I can see 3 different ways an application may wish to handle errors on child CASes:
Primitive CM
Stop generating children/descendants of the input CAS and return an exception on the input CAS
Generate an "incomplete" CAS – perhaps marked as "damaged"
(useful when the total count must be preserved and a place-holder provided)
Ignore the error, generate no CAS and carry on to generate the next CAS (if any)
Aggregate CM
Stop generating any more children/descendants from the input CAS and return the exception on the input CAS
Allow the CAS to continue in the flow
Quietly drop the CAS, do not return it and do not generate an exception
Simple Aggregate with internal CM
Stop generating any more children/descendants from the input CAS and return the exception on the input CAS
Allow the CAS to continue in the flow (it will be dropped at the end of the flow)
Quietly drop the CAS as if it reached the end of the flow, and do not generate an exception
Currently our aggregate error-handling supports #2, while #3 doesn't depend on the framework. I have added aggregate support for #3 to the AdvancedFixedFlowController in the UIMA-AS test suite (as part of Jira 1353) in the form of a new AllowDropOnFailure option which specifies the delegates for which a failing CAS can be dropped, i.e. skip to the end of the flow with the forceCasToBeDropped flag set. (I used it to test the thresholdWindow error handling to verify that an intermittently failing delegate is disabled when N of the last M CASes fail.)

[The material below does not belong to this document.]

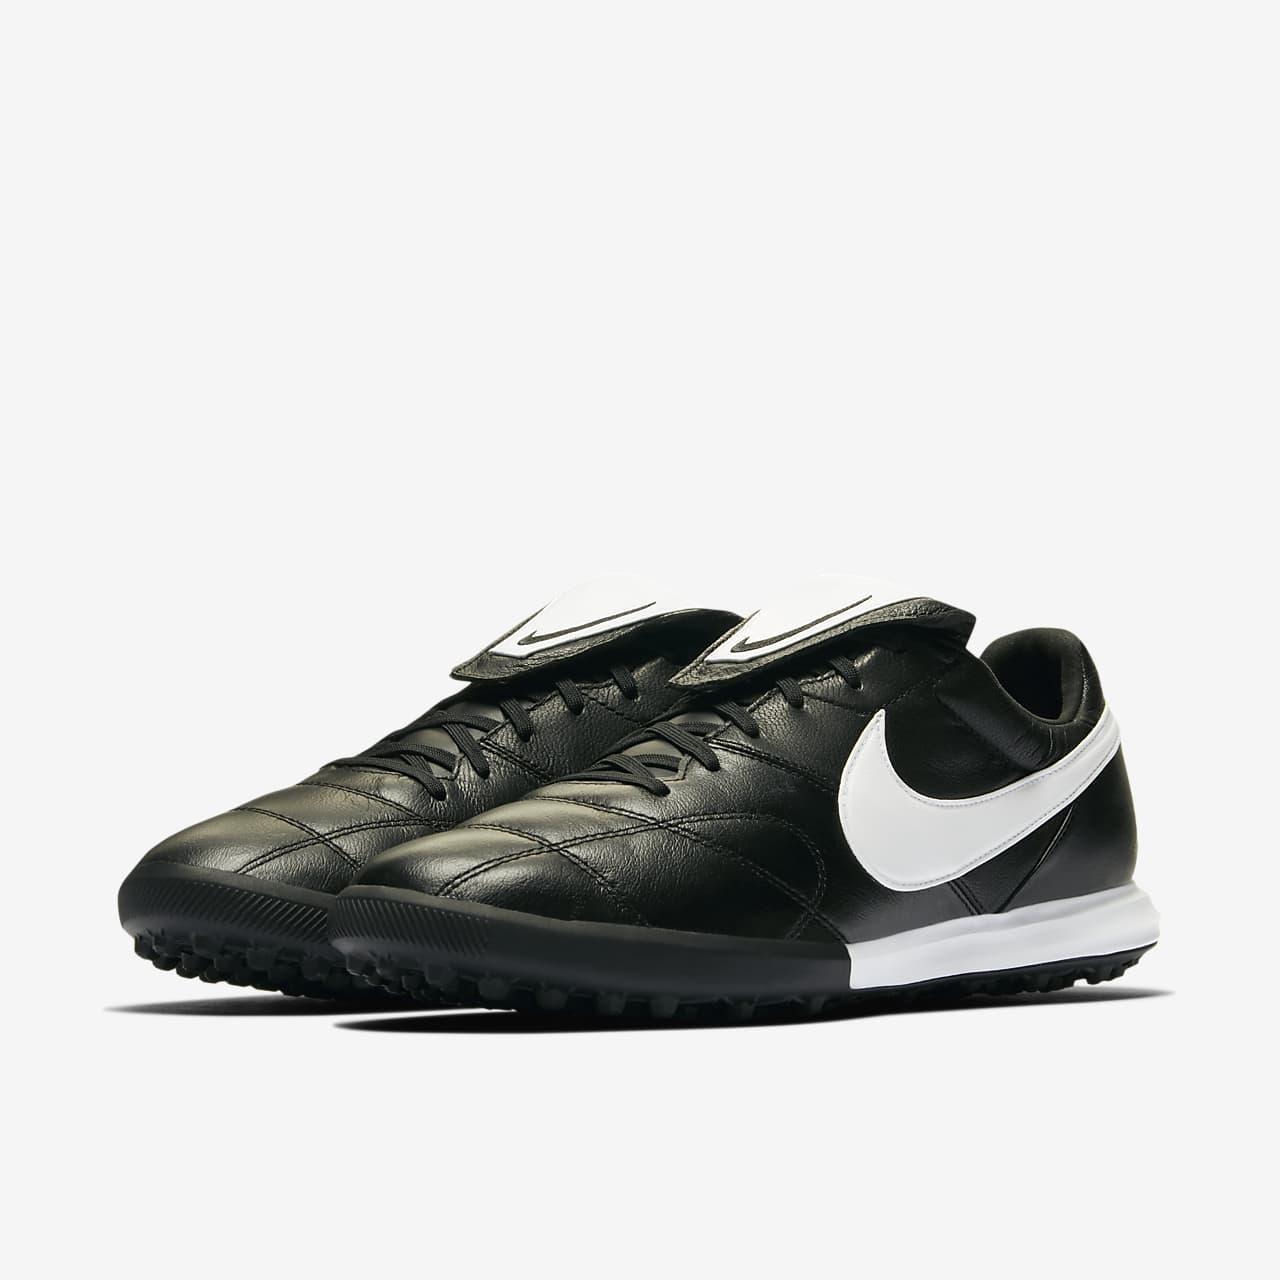 Nike Premier 2 TF Artificial-Turf

But I don't think our docs indicate what should happen in #1 and the current implementation handles it differently ... the exception is associated with the child CAS without any reference to the input CAS, and the CM continues to generate children, so the client can get many exceptions that refer to unknown CASes. The getParentCasReferenceId() method in the UimaASProcessStatus (which I could not find in the JavaDocs) can be used to associate a child CAS with the input CAS that generated it, but it is always null when an exception is returned.
Consider the information available to the entityProcessComplete callback when an input CAS successfully generates 2 children:
returnedCAS getCasReferenceId() getParentCasReferenceId() isException()
Child1 ID-of-Child1 ID-of-Parent false
Child2 ID-of-Child2 ID-of-Parent false
Parent ID-of-Parent null false
If the 2nd child causes an exception then the client might see (Option A)
returnedCAS getCasReferenceId() getParentCasReferenceId() isException()
Child1 ID-of-Child1 ID-of-Parent false
null ID-of-Parent null true
Or we could put the failing child's ID in the status (Option B)
returnedCAS getCasReferenceId() getParentCasReferenceId() isException()
Child1 ID-of-Child1 ID-of-Parent false
null ID-of-Child2 ID-of-Parent true
Note that in an Aggregate CM the failing CAS may not have been generated directly by the parent, but by any one of its descendants.
I think option A is cleaner and easier to document ... "exception always on input CAS". If the ID of the failing child is useful we could wrap the exception in another that said something like "Exception inherited from generated CAS xyz"
Any other options we should consider?
I'll put this in a Jira as that may be the better place to discuss it.